*Recorded data:*

^^^^^^^^

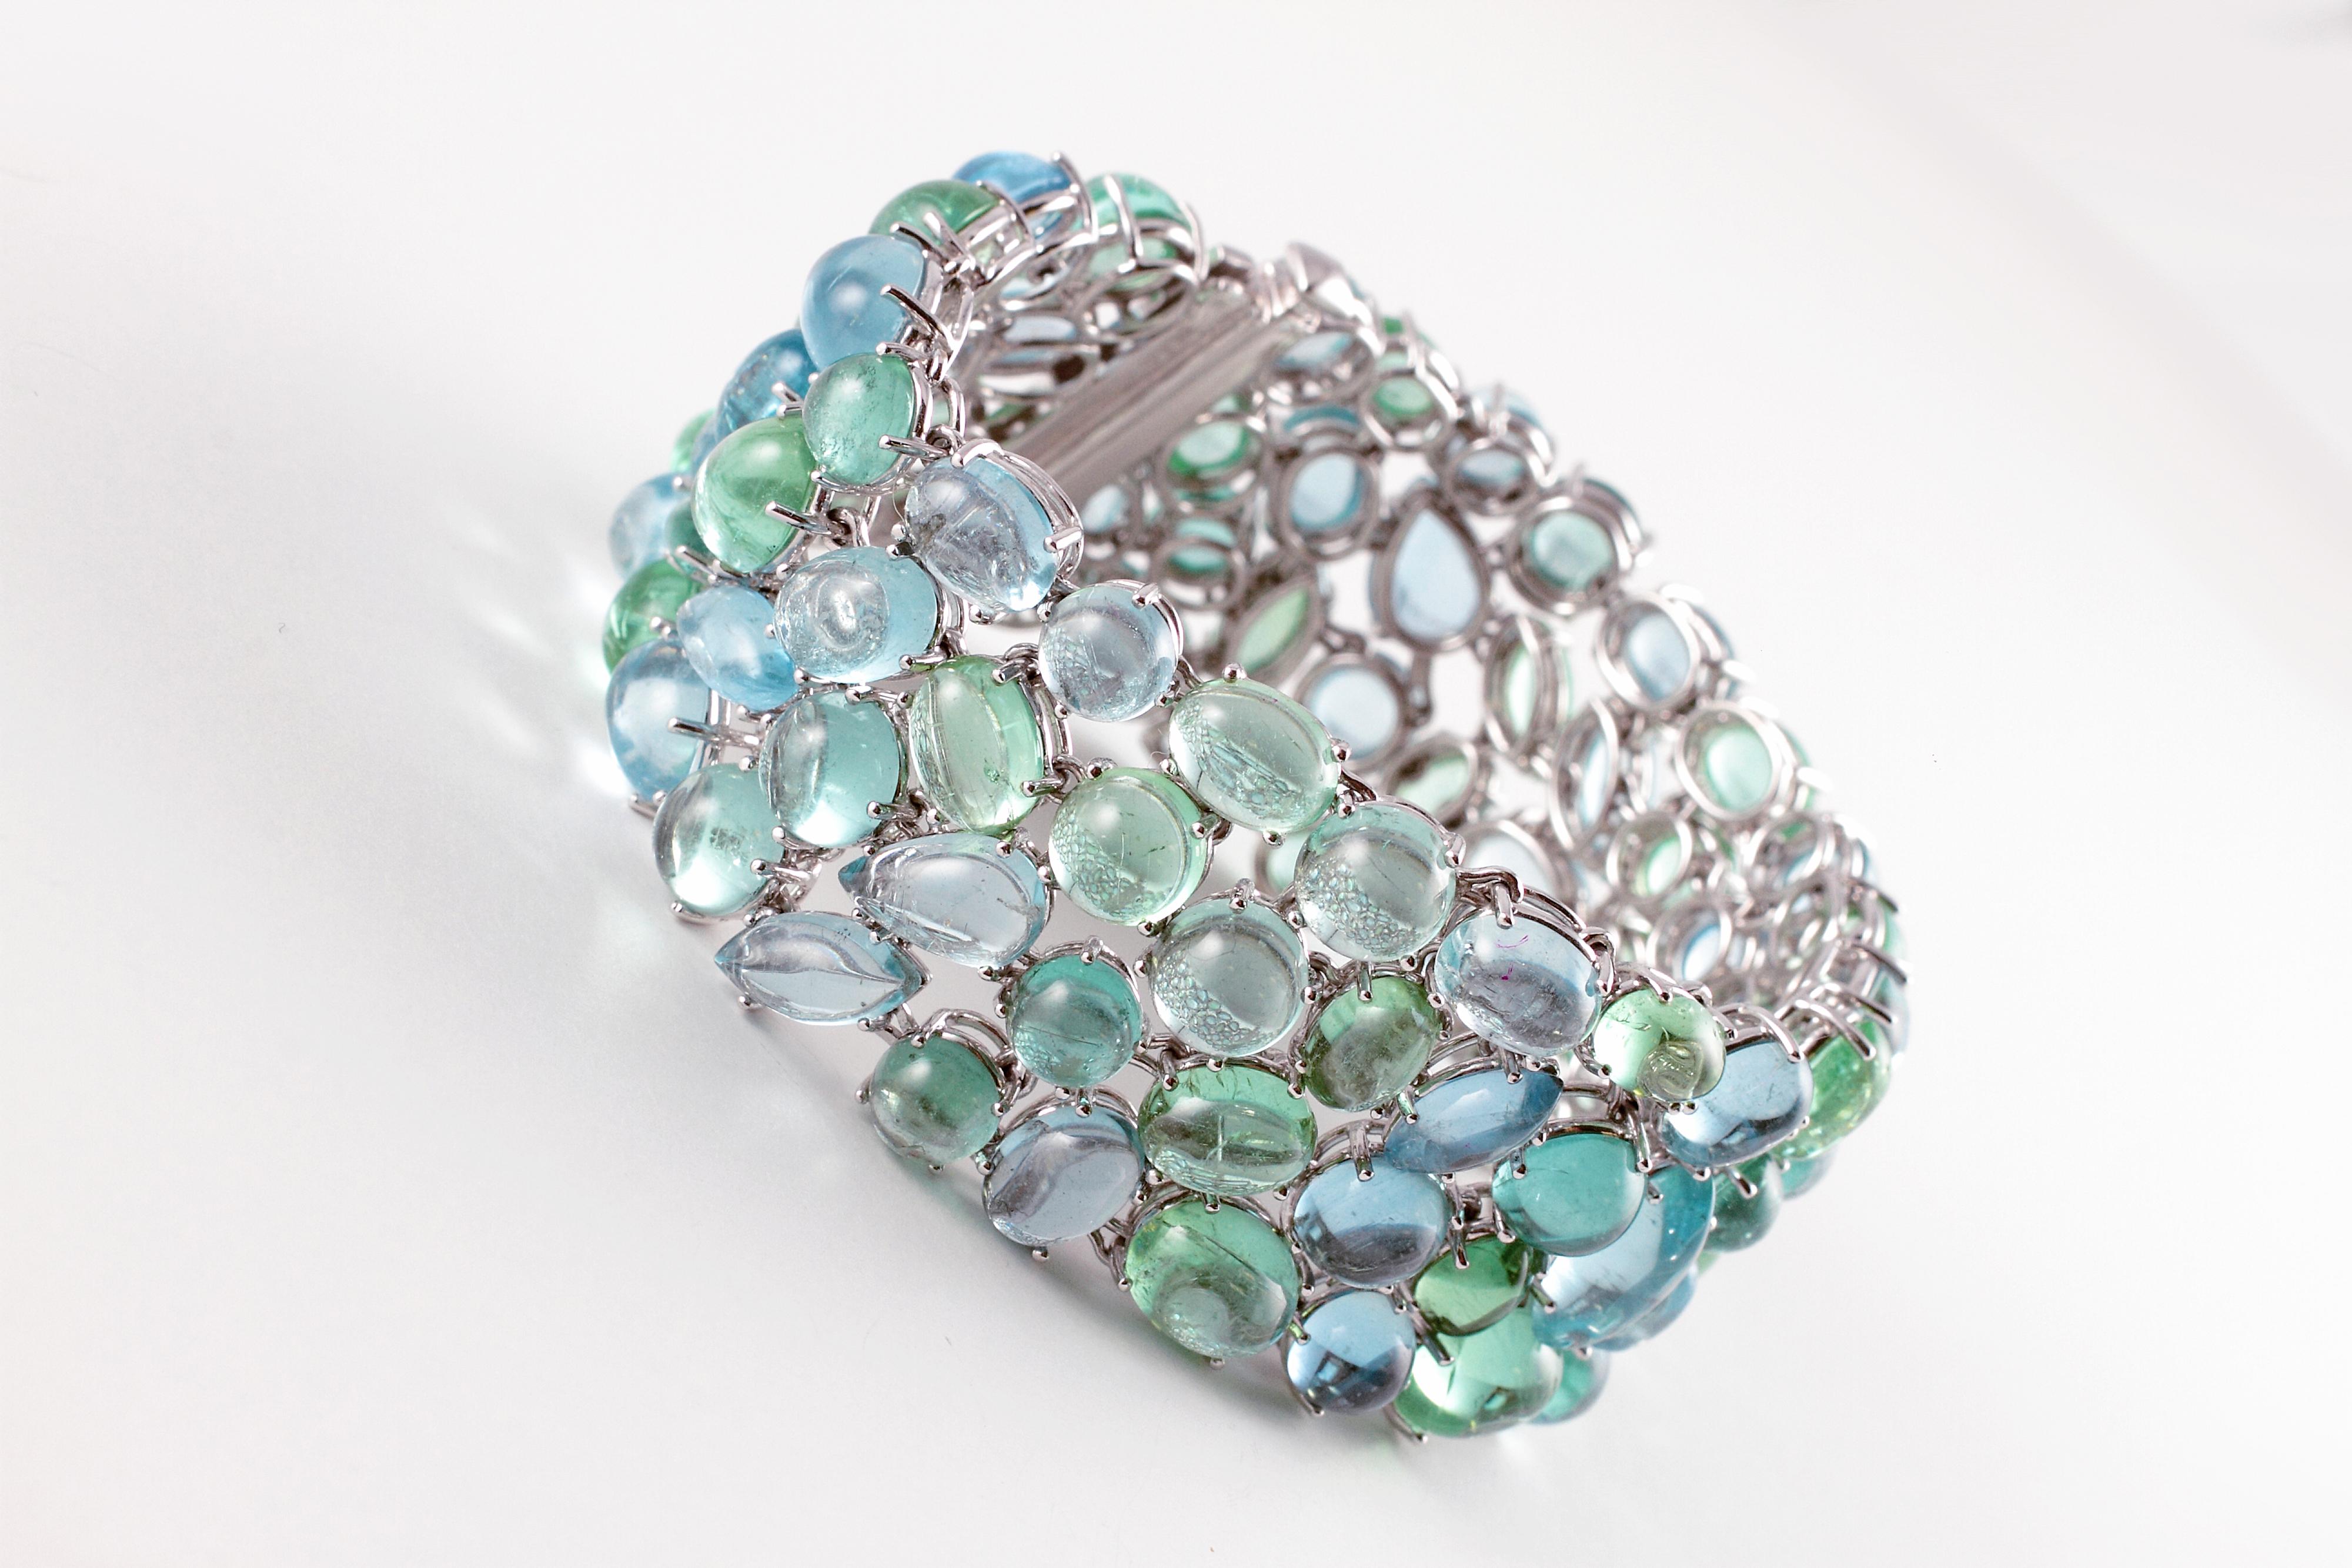 Don't you just love the soft greens and blues in this elegant bracelet by Robert Erich?  The oval-shaped cabochon-cut 52.35 carats of aquamarines complement the 65.13 carats of oval-shaped cabochon-cut tourmaline and the 0.65 cts of diamonds are
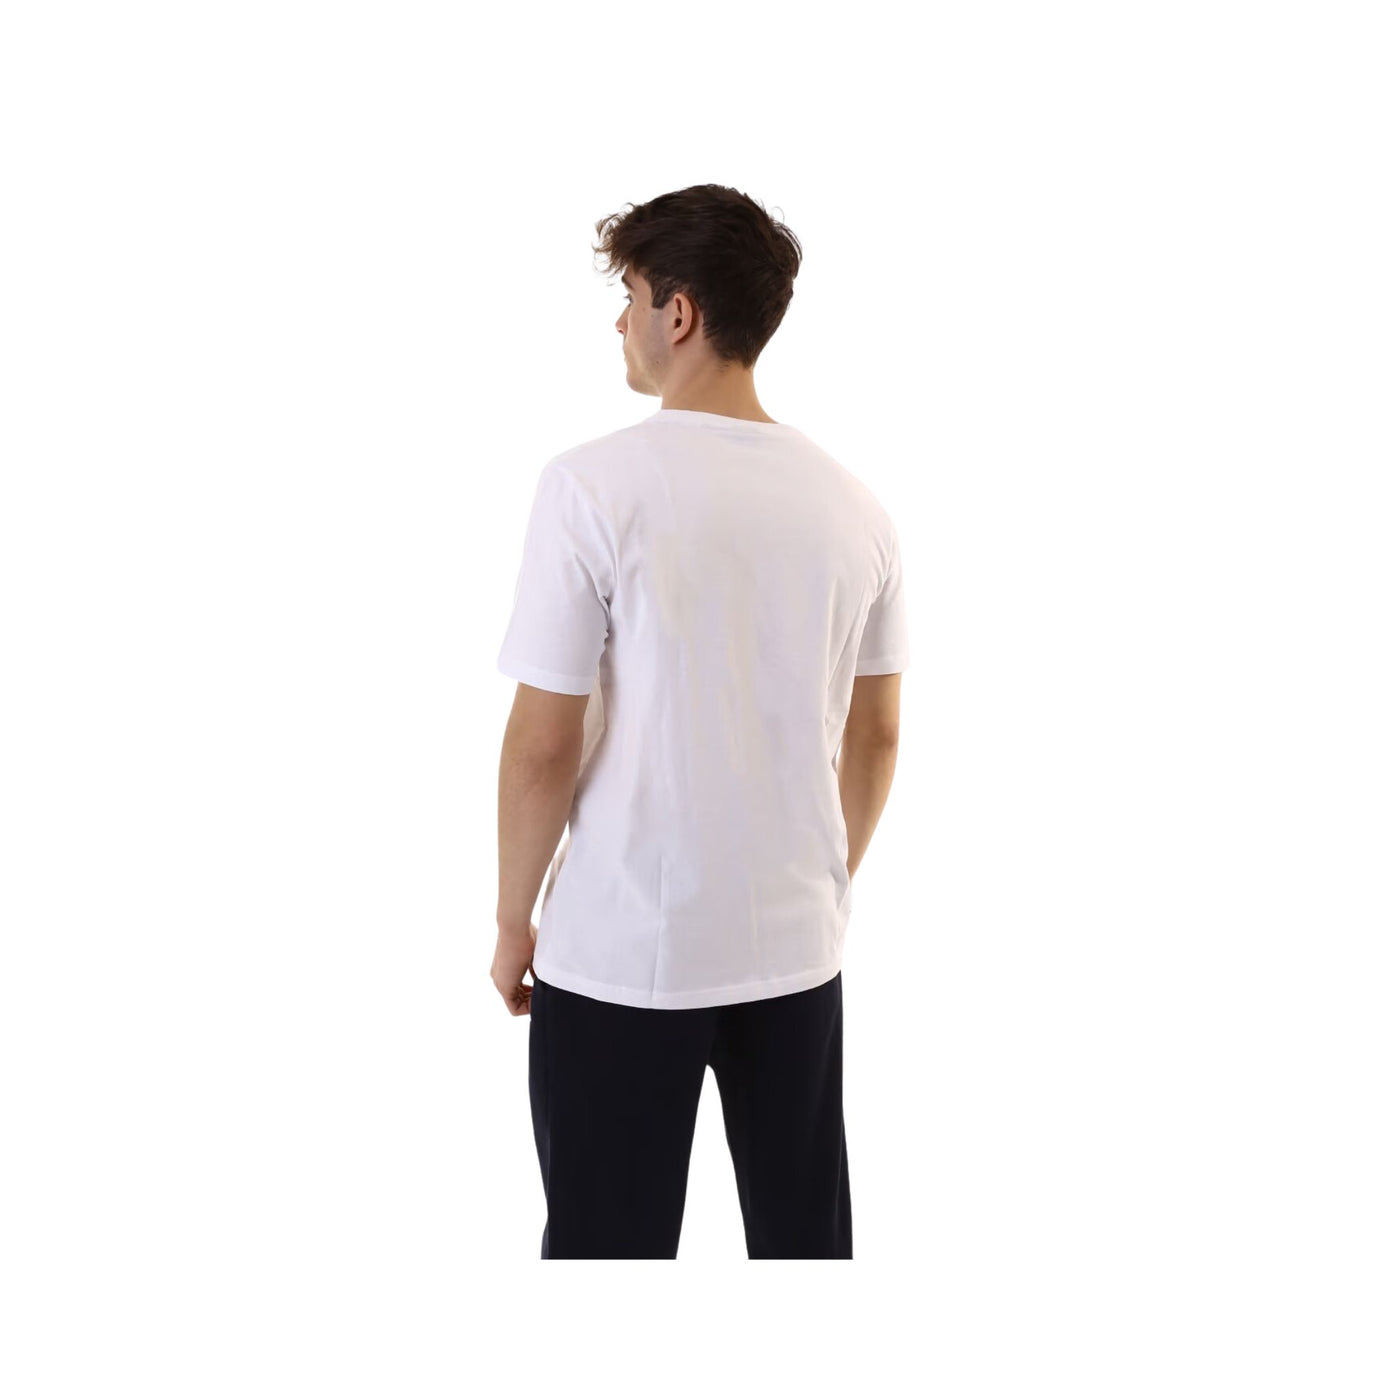 Men's T-shirt with print on the chest
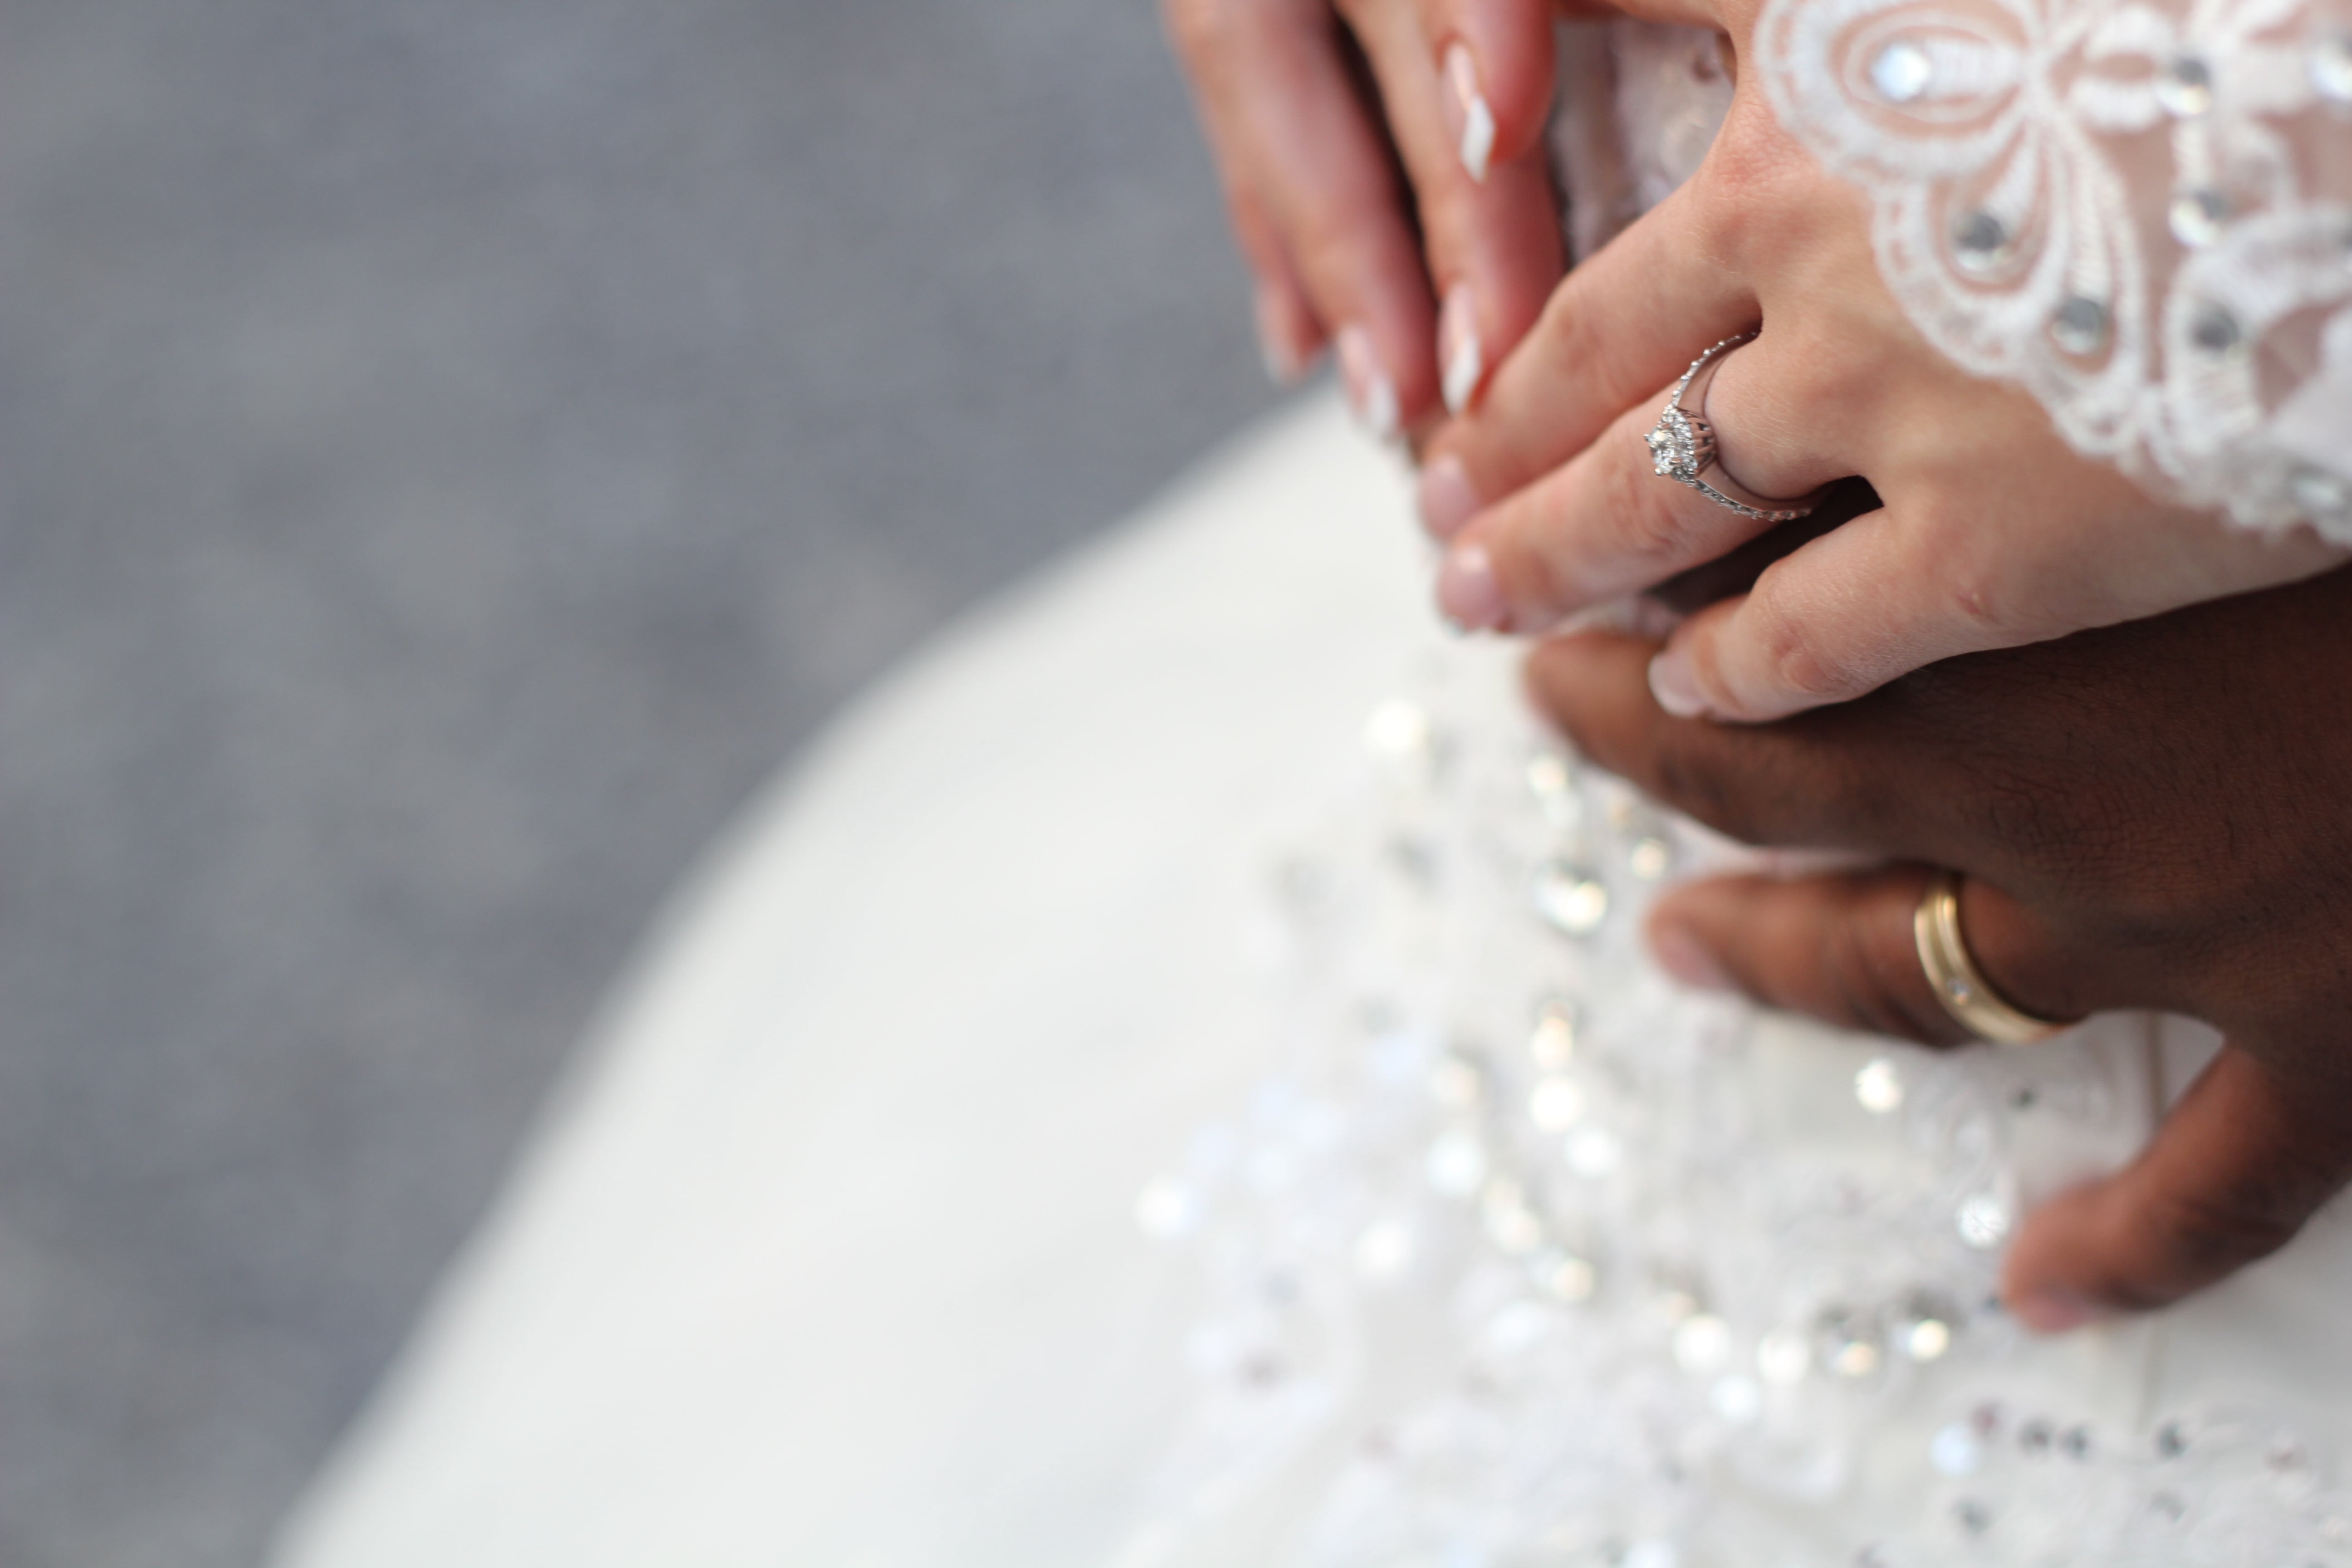 How much of your finger does your ring cover?, Weddings, Wedding Attire, Wedding Forums

^^^^^^^^

*Task description:*
A verbatim copy of the listing is required, with all pictures left out.

*Written solution:*
 Don't you just love the soft greens and blues in this elegant bracelet by Robert Erich?  The oval-shaped cabochon-cut 52.35 carats of aquamarines complement the 65.13 carats of oval-shaped cabochon-cut tourmaline and the 0.65 cts of diamonds are
 Men's T-shirt with print on the chest
 How much of your finger does your ring cover?, Weddings, Wedding Attire, Wedding Forums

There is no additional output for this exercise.